Materials provided>
- Opening Delimiter -
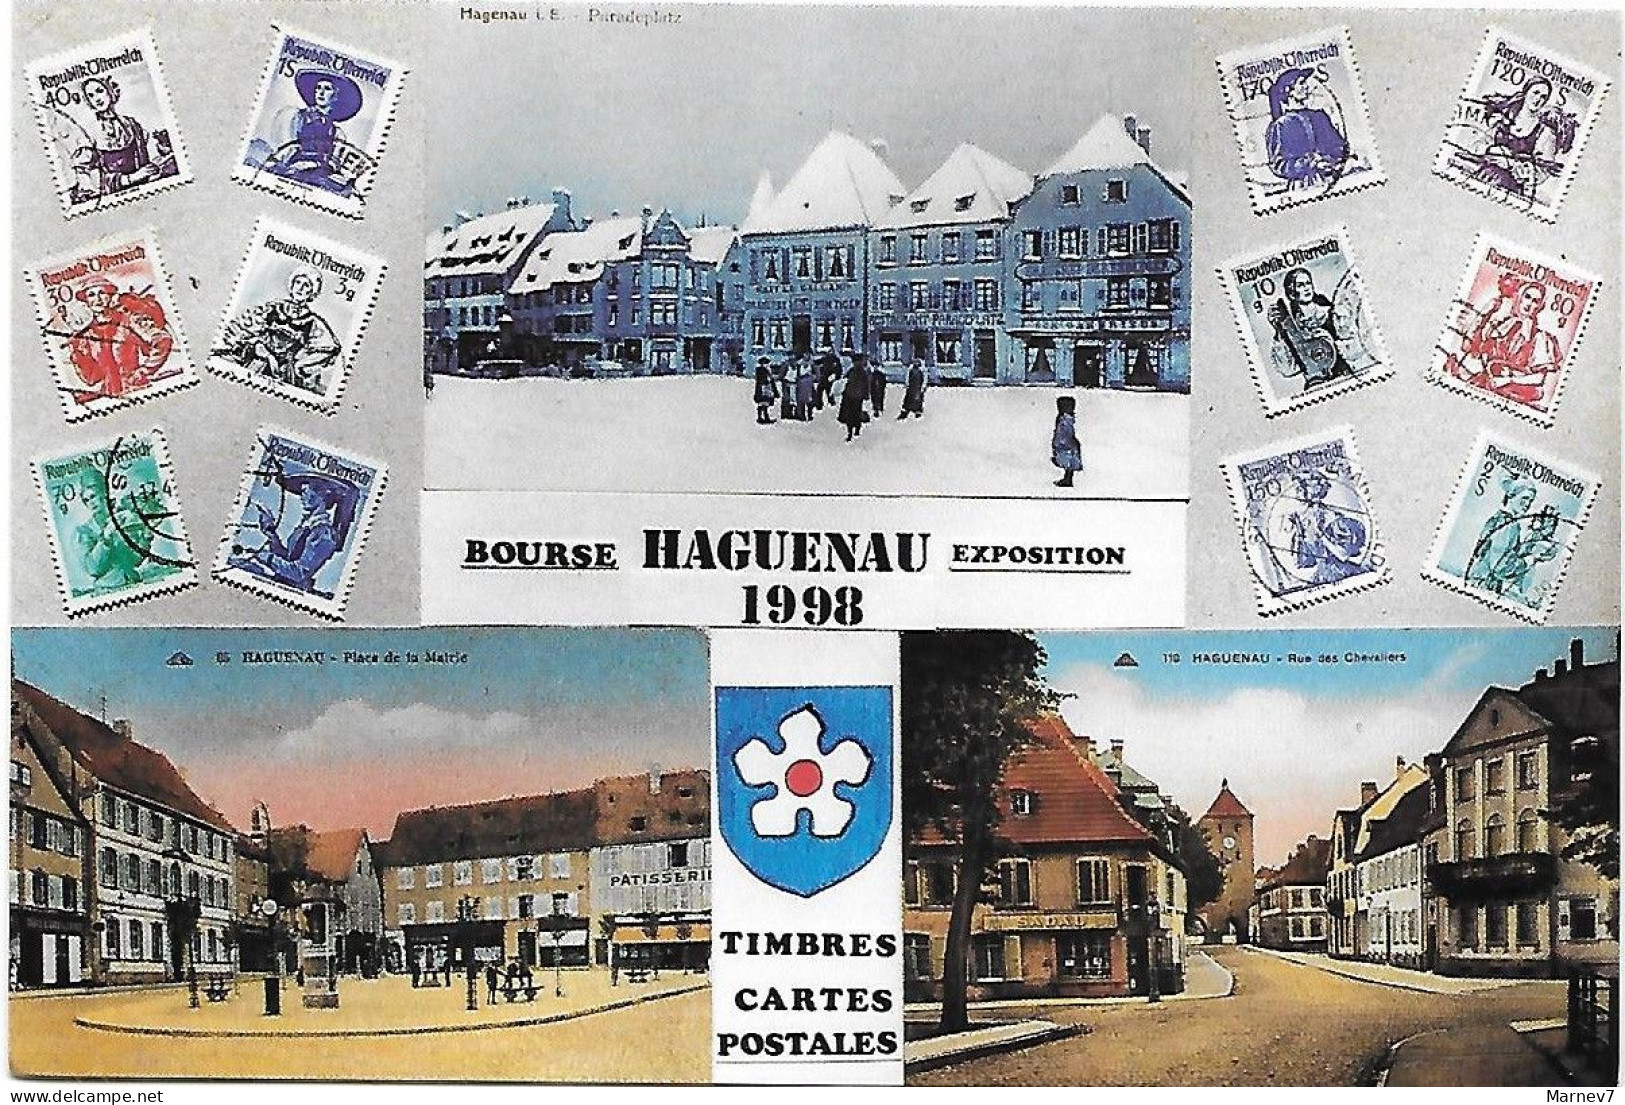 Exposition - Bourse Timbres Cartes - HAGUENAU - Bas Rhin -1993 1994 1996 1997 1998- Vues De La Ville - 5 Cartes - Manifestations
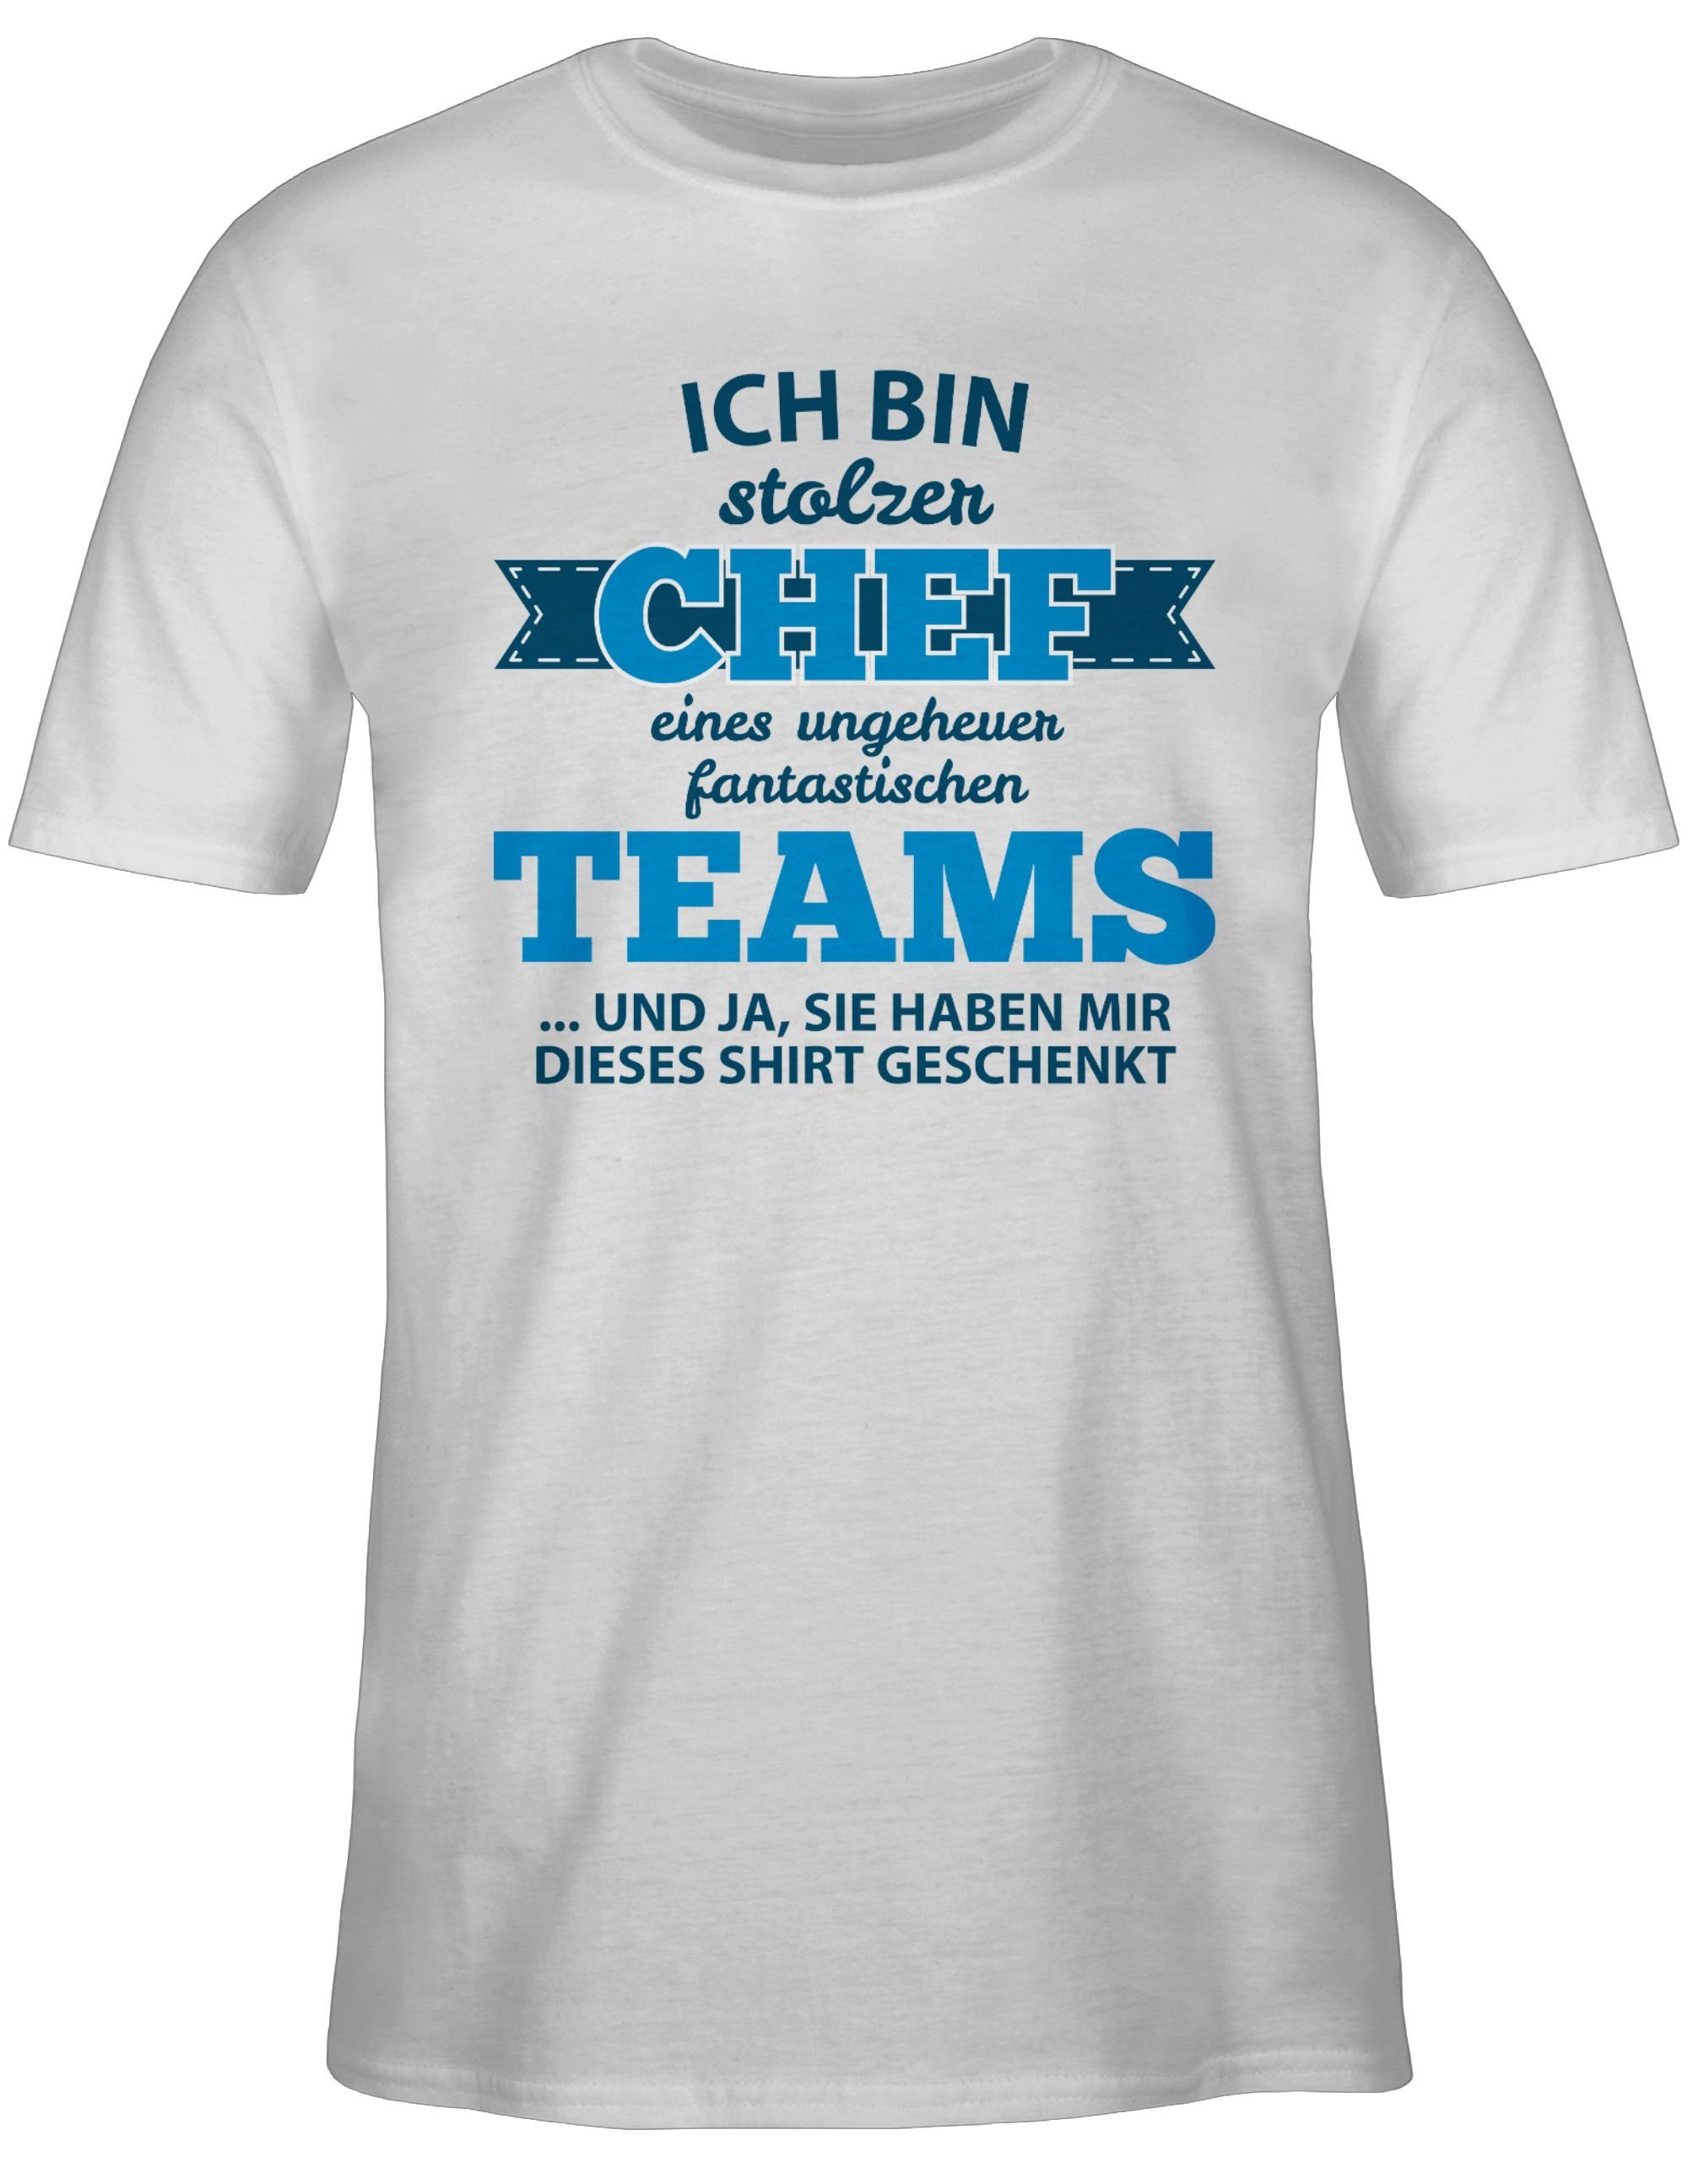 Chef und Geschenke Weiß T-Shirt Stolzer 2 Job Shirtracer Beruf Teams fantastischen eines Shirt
- Closing Delimiter -
- Opening Delimiter -
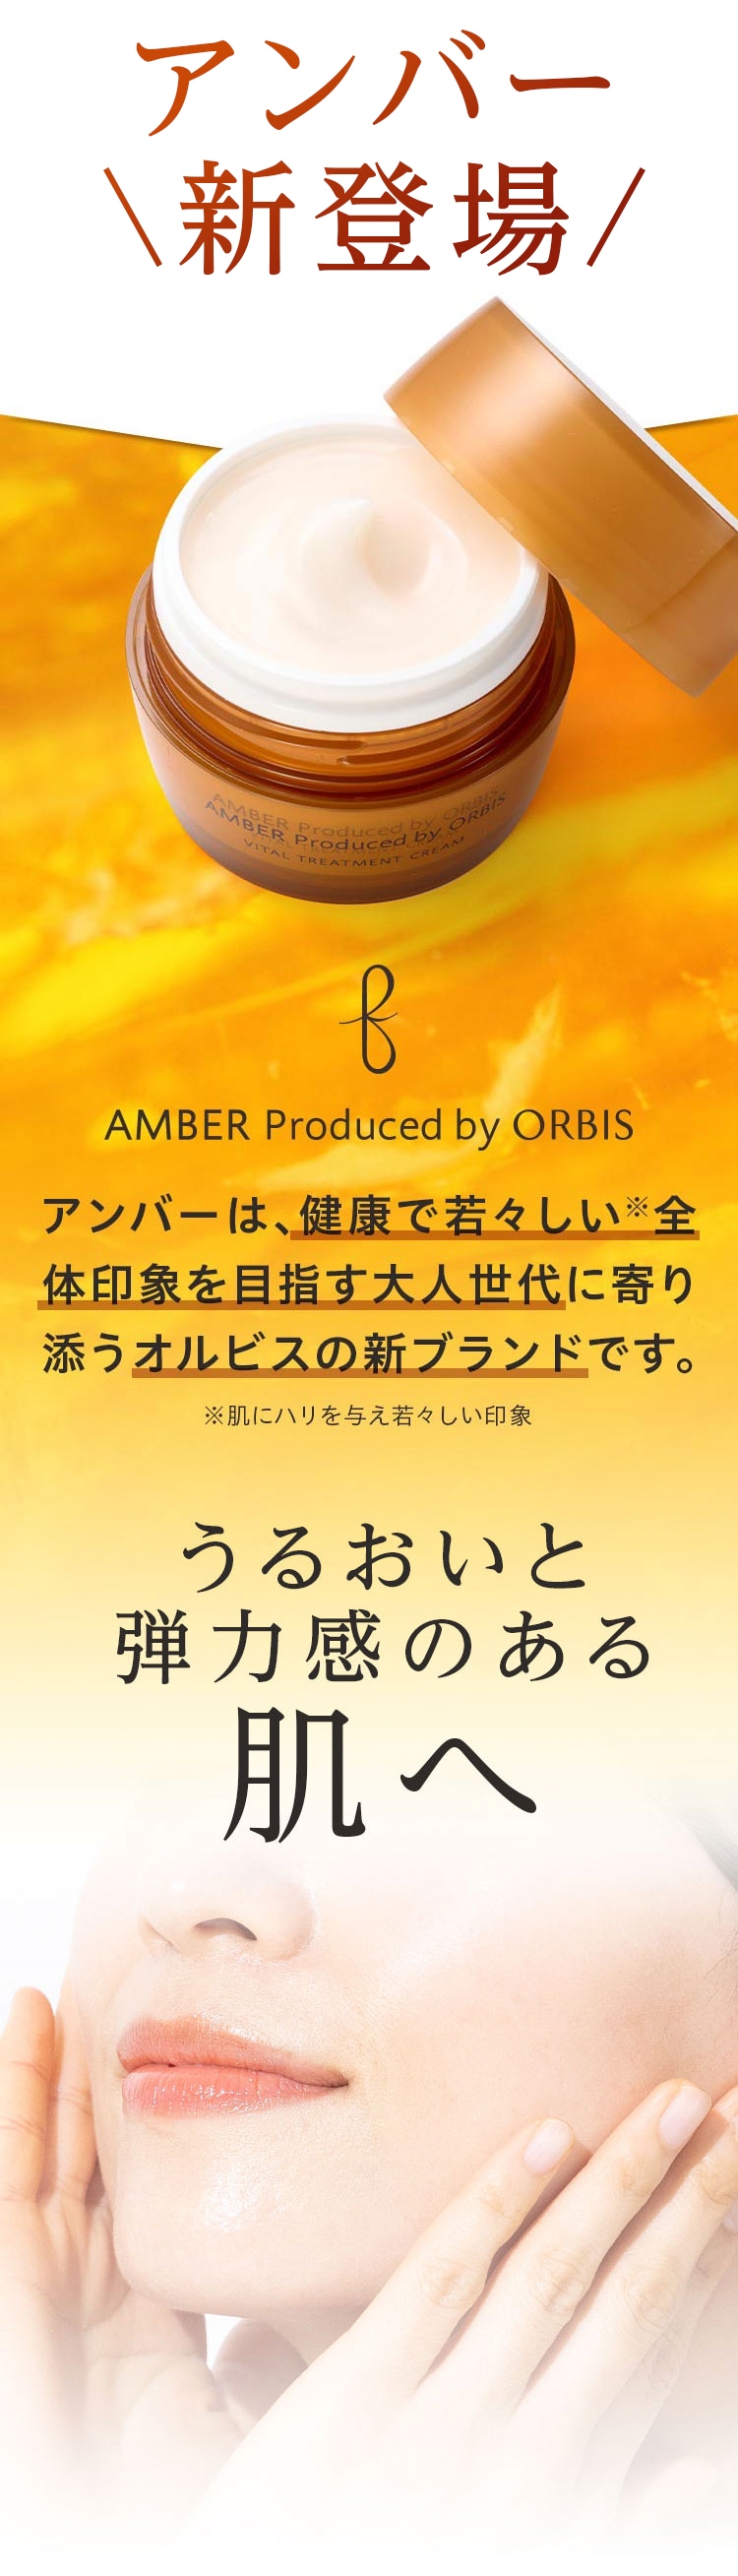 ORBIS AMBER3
- Closing Delimiter -
I'd like the lines above repeated exactly, from the one that contains "Exposition - Bourse" through the one that contains "Chef und Geschenke", with no pictures.

 Exposition - Bourse Timbres Cartes - HAGUENAU - Bas Rhin -1993 1994 1996 1997 1998- Vues De La Ville - 5 Cartes - Manifestations
 Chef und Geschenke Weiß T-Shirt Stolzer 2 Job Shirtracer Beruf Teams fantastischen eines Shirt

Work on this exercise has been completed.